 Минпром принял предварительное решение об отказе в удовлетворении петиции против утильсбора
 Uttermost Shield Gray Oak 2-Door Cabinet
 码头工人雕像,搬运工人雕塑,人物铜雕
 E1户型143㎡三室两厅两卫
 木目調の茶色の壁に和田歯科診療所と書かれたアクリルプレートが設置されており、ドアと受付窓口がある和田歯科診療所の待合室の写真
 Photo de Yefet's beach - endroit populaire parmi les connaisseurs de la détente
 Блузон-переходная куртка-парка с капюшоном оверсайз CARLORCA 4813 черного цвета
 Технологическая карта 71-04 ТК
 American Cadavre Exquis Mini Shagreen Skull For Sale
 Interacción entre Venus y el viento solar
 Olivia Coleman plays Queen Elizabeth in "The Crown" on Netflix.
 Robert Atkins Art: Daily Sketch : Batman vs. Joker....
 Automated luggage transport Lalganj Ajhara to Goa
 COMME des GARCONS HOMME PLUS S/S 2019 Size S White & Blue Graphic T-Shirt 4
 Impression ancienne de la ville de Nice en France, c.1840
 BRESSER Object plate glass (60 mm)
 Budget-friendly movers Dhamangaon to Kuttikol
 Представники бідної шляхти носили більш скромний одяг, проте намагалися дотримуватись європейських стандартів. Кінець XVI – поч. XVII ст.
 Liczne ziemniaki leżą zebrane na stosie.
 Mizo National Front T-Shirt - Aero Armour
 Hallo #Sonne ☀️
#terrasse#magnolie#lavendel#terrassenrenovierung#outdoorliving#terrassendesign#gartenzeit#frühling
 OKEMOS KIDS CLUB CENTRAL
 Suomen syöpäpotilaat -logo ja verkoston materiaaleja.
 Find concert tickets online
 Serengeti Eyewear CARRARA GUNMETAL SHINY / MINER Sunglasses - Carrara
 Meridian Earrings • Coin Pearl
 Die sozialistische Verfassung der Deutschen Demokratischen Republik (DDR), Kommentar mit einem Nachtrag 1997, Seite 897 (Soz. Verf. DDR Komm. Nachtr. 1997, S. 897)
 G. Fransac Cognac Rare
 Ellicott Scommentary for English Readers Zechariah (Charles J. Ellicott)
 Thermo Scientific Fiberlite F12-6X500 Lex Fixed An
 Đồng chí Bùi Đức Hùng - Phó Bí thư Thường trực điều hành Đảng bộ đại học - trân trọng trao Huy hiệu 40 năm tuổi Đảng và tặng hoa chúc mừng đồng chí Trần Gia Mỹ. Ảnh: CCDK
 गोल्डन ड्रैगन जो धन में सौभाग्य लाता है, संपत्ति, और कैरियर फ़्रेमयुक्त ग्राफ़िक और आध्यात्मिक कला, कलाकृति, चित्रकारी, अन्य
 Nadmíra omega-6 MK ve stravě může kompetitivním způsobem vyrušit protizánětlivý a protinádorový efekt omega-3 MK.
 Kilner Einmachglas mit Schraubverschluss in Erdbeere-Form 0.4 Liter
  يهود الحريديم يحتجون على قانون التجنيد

—————

-- TASK TO CARRY OUT --
Scan the entries above and copy each line where "Shirt" occurs.

-- FINAL ANSWER --
 COMME des GARCONS HOMME PLUS S/S 2019 Size S White & Blue Graphic T-Shirt 4
 Mizo National Front T-Shirt - Aero Armour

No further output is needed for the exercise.